▸ WORK TO COMPLETE
With pictures left out, return only the lines from the line containing "Amazing military helmet" through the end of the material below, both included.

▸ SUPPLIED INFORMATION
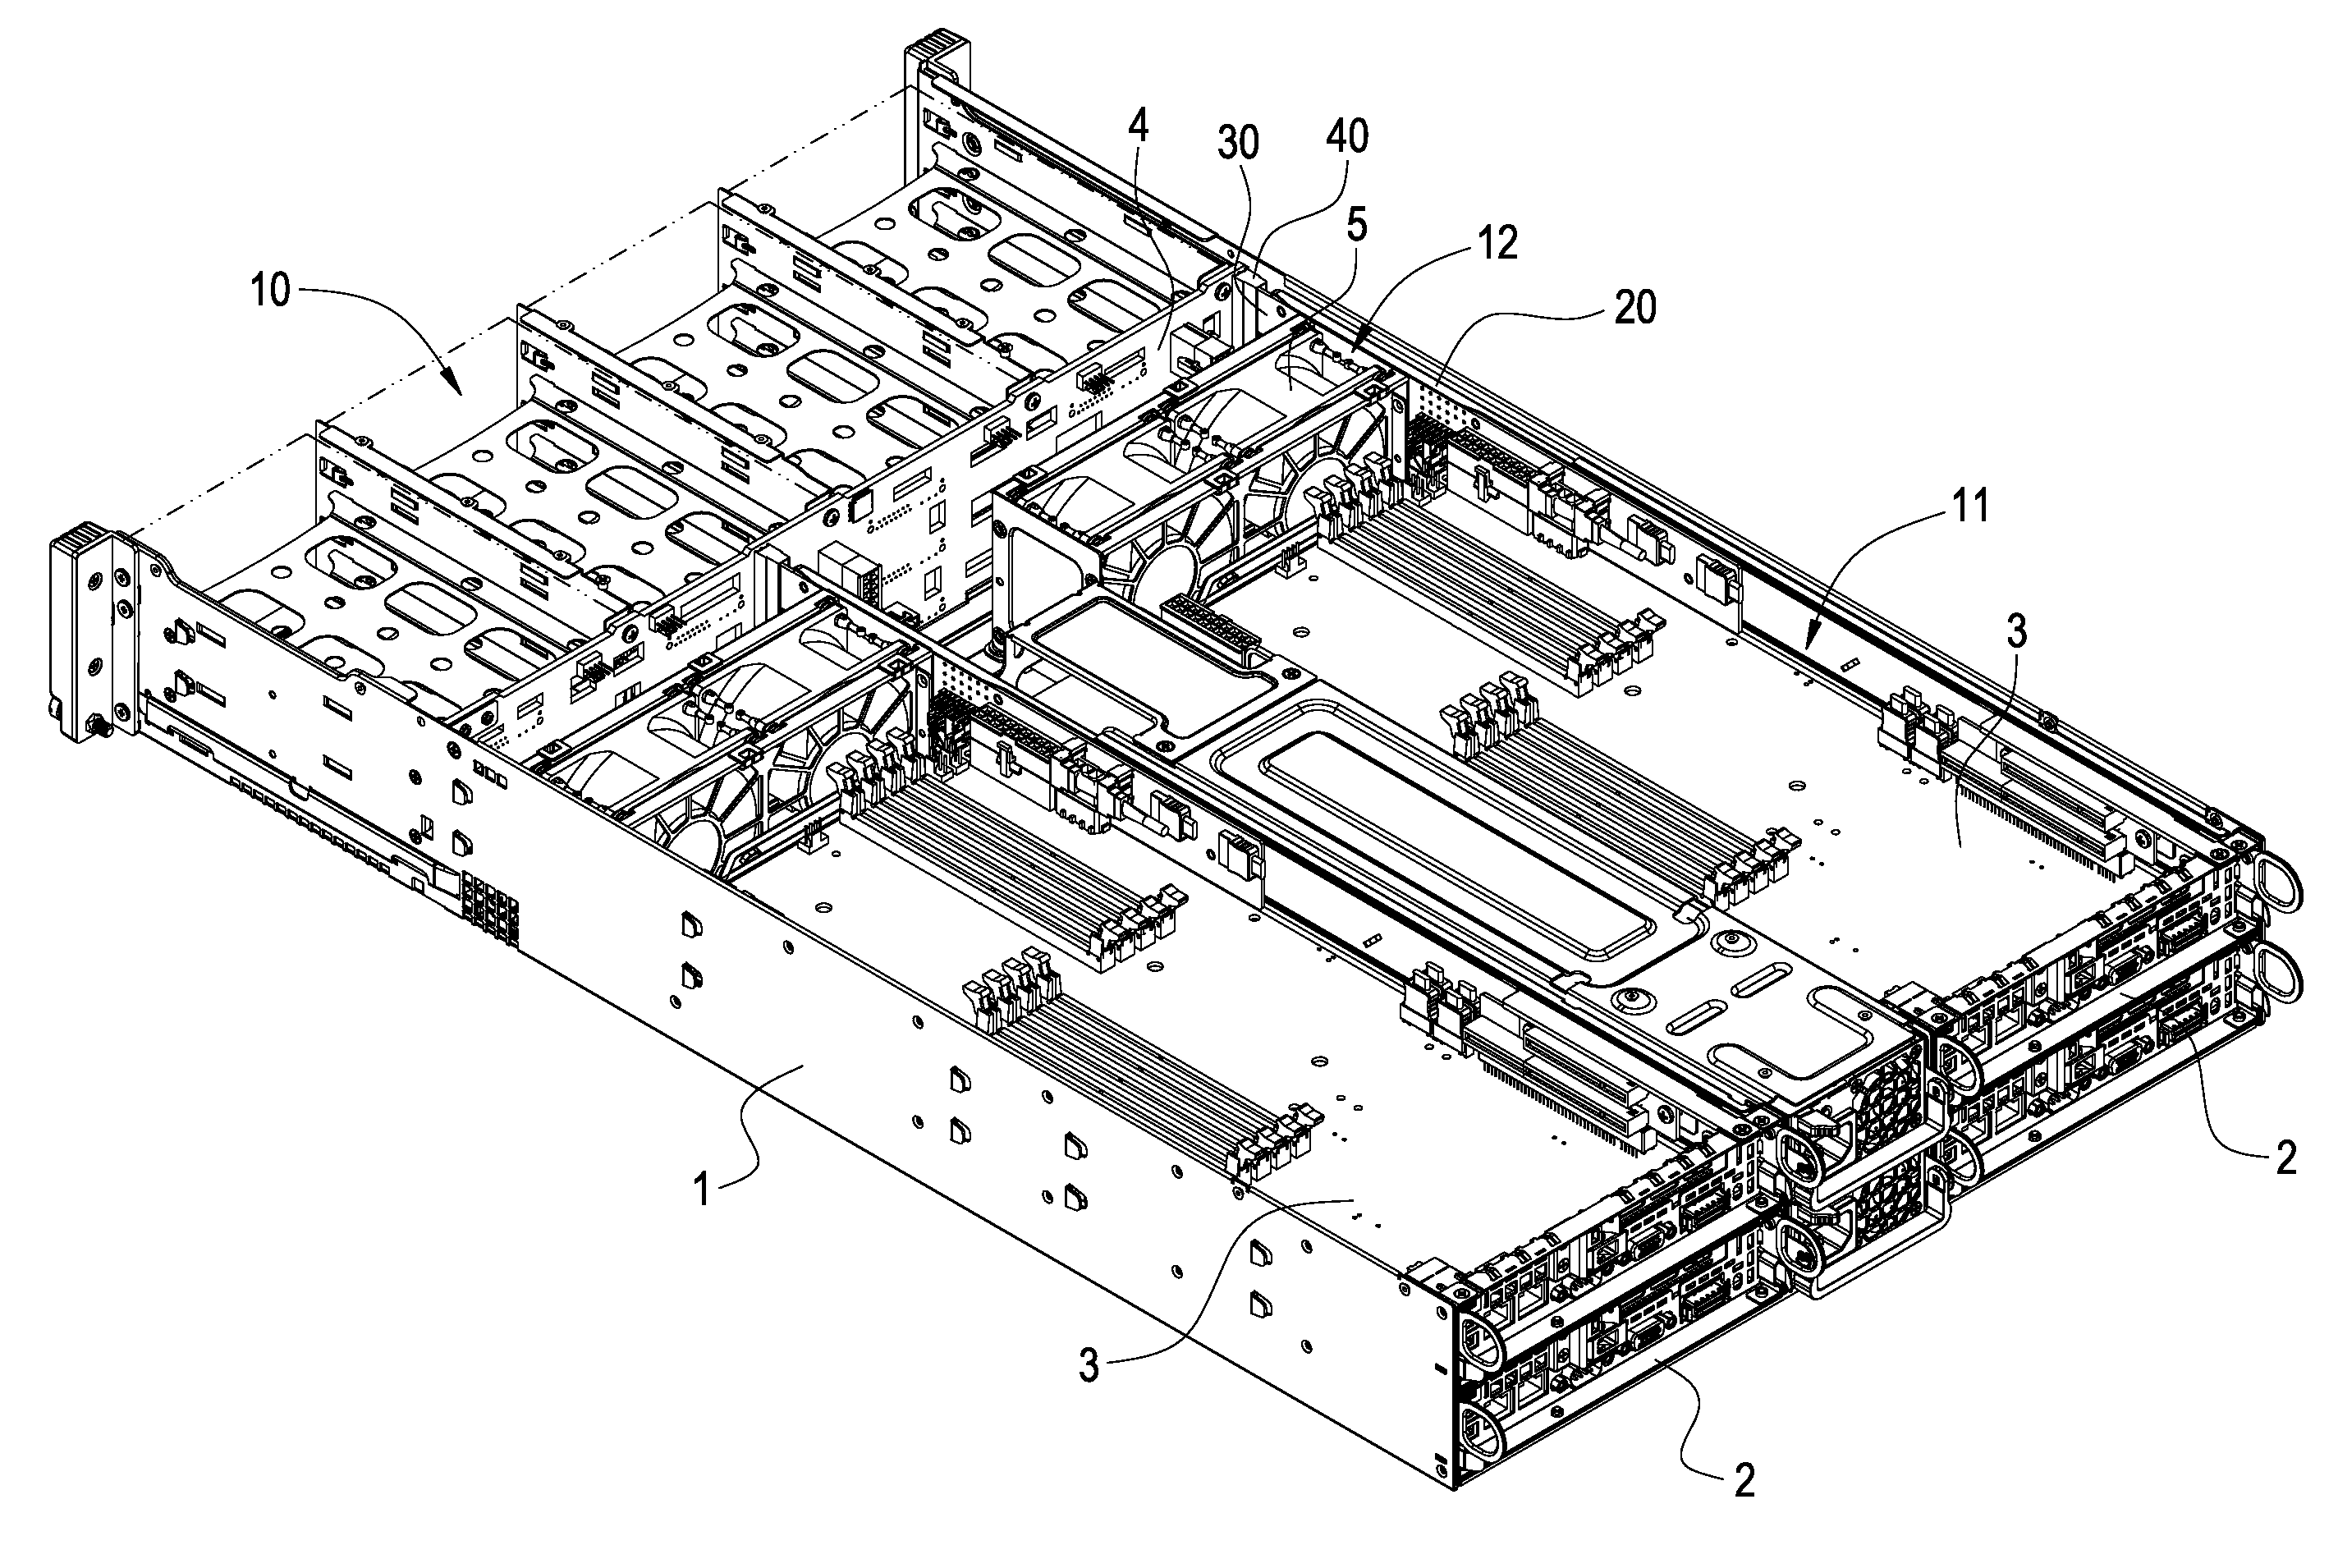 Disposing structure for hot swappable motherboard in industrial computer chassis
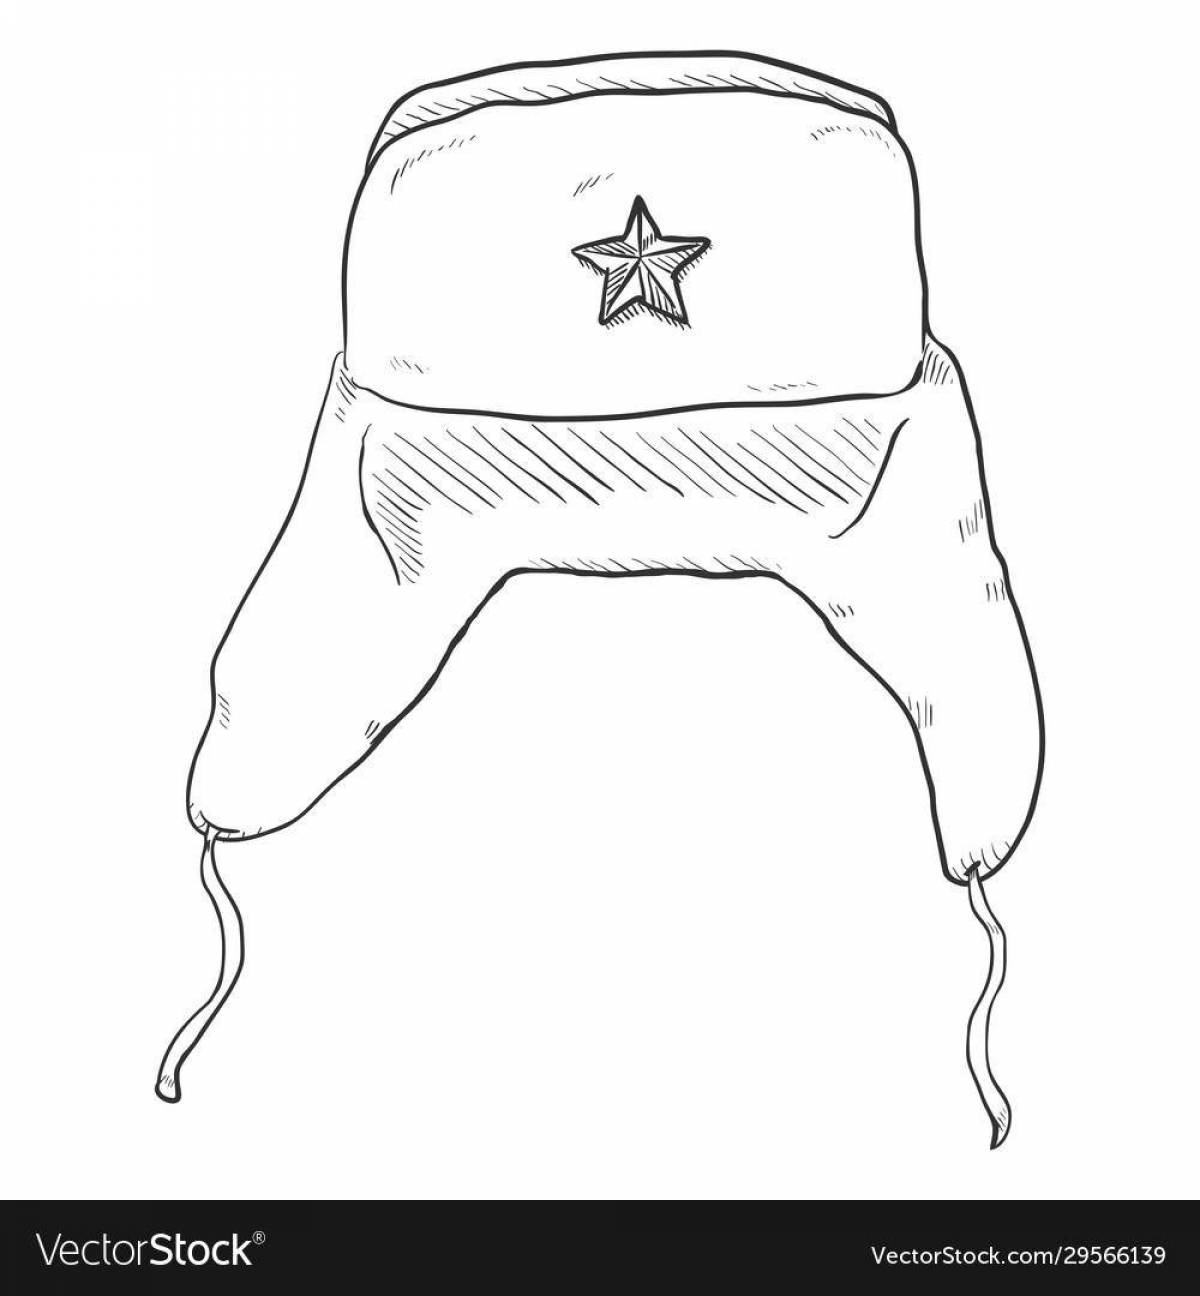 Amazing military helmet coloring book for kids
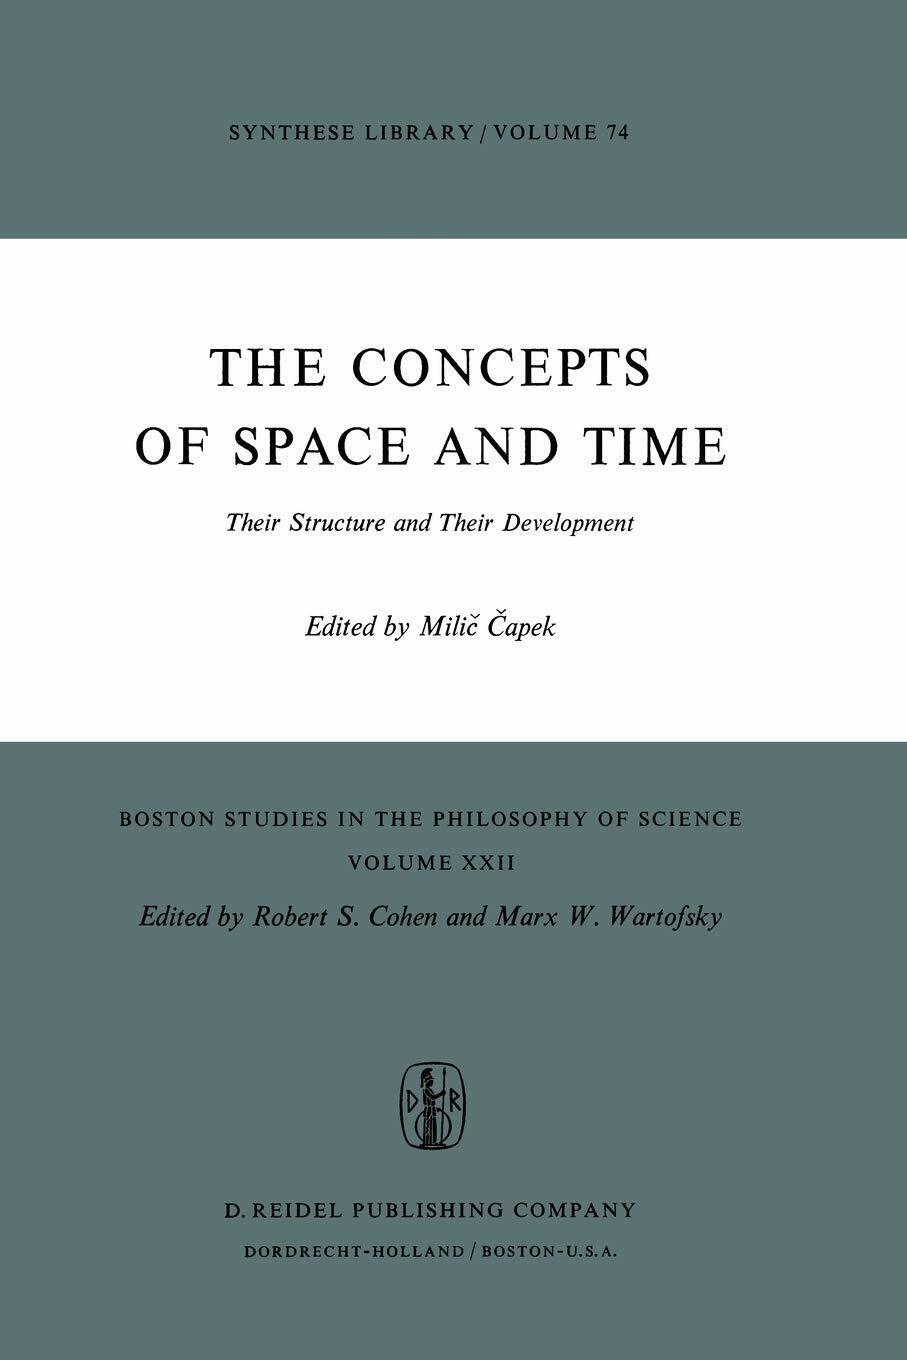 The Concepts of Space and Time - M. Capek - Springer, 1975

▸ RESPONSE FOR THIS EXERCISE
 Amazing military helmet coloring book for kids
 The Concepts of Space and Time - M. Capek - Springer, 1975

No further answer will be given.